C:\..\out> set ARGS="-V"
C:\..\out> make test

For executing a simple python test manually, we don't need to change the directory to out, just run this command:

Linux and Mac:

$ LOG_LEVEL=INFO python -m unittest test/python/circuit/test_circuit_operations.py

Windows:

C:\..\> set LOG_LEVEL="INFO"
C:\..\> python -m unittest test/python/circuit/test_circuit_operations.py
STDOUT/STDERR and logging capture

When running tests in parallel either via tox, the makefile, or in CI we set the env variable QISKIT_TEST_CAPTURE_STREAMS which will capture any text written to stdout, stderr, and log messages and add them as attachments to the tests run so output can be associated with the test case it originated from. However, if you run tests outside of these mechanisms by default the streams are not captured. To enable stream capture just set the QISKIT_TEST_CAPTURE_STREAMS env variable to 1.

Test Skip Options

How and which tests are executed is controlled by an environment variable, QISKIT_TESTS:

Option Description Default
run_slow It runs tests tagged as slow. False

It is possible to provide more than one option separated with commas.

Alternatively, the make test_ci target can be used instead of make test in order to run in a setup that replicates the configuration we used in our CI systems more closely.

Development Cycle

The development cycle for qiskit-terra is all handled in the open using the project boards in Github for project management. We use milestones in Github to track work for specific releases. The features or other changes that we want to include in a release will be tagged and discussed in Github. As we're preparing a new release we'll document what has changed since the previous version in the release notes.

Branches

  • master:

The master branch is used for development of the next version of qiskit-terra. It will be updated frequently and should not be considered stable. The API can and will change on master as we introduce and refine new features.

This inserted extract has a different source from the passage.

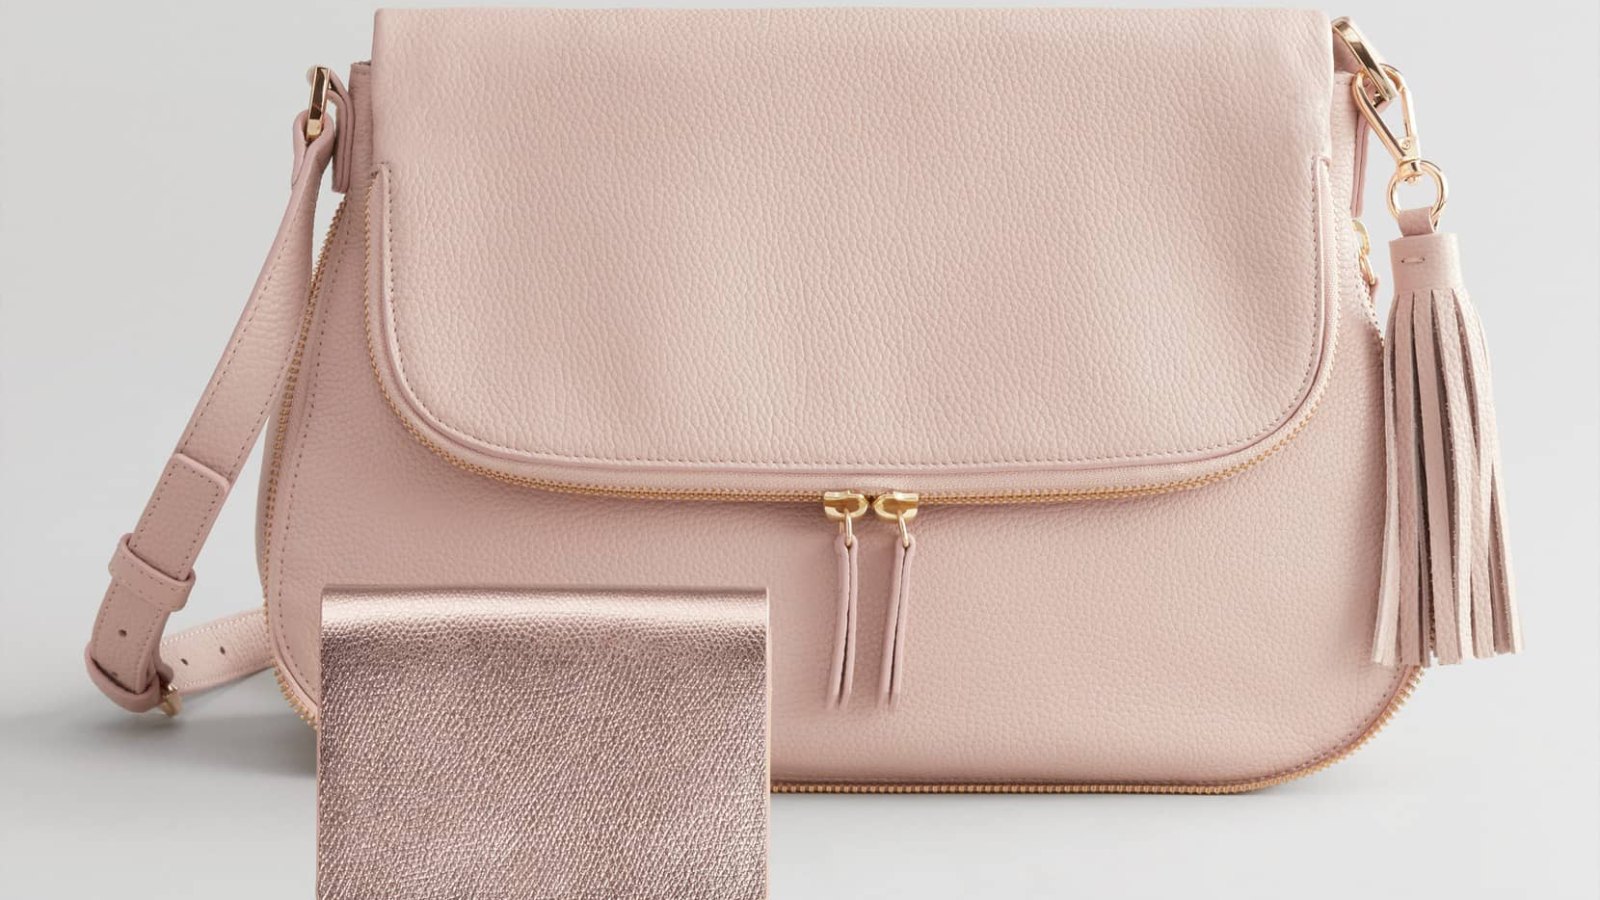 Kate Spade - Light Pink Pebbled Leather Expandable Shoulder Bag

  • stable/* branches: Branches under stable/* are used to maintain released versions of qiskit-terra. It contains the version of the code corresponding to the latest release for that minor version on pypi. For example, stable/0.8 contains the code for the 0.8.2 release on pypi. The API on these branches are stable and the only changes merged to it are bugfixes.

Release cycle

When it is time to release a new minor version of qiskit-terra we will:

  1. Create a new tag with the version number and push it to github
  2. Change the master version to the next release version.

The release automation processes will be triggered by the new tag and perform the following steps:

  1. Create a stable branch for the new minor version from the release tag on the master branch
  2. Build and upload binary wheels to pypi
  3. Create a github release page with a generated changelog
  4. Generate a PR on the meta-repository to bump the terra version and meta-package version.

The stable/* branches should only receive changes in the form of bug fixes.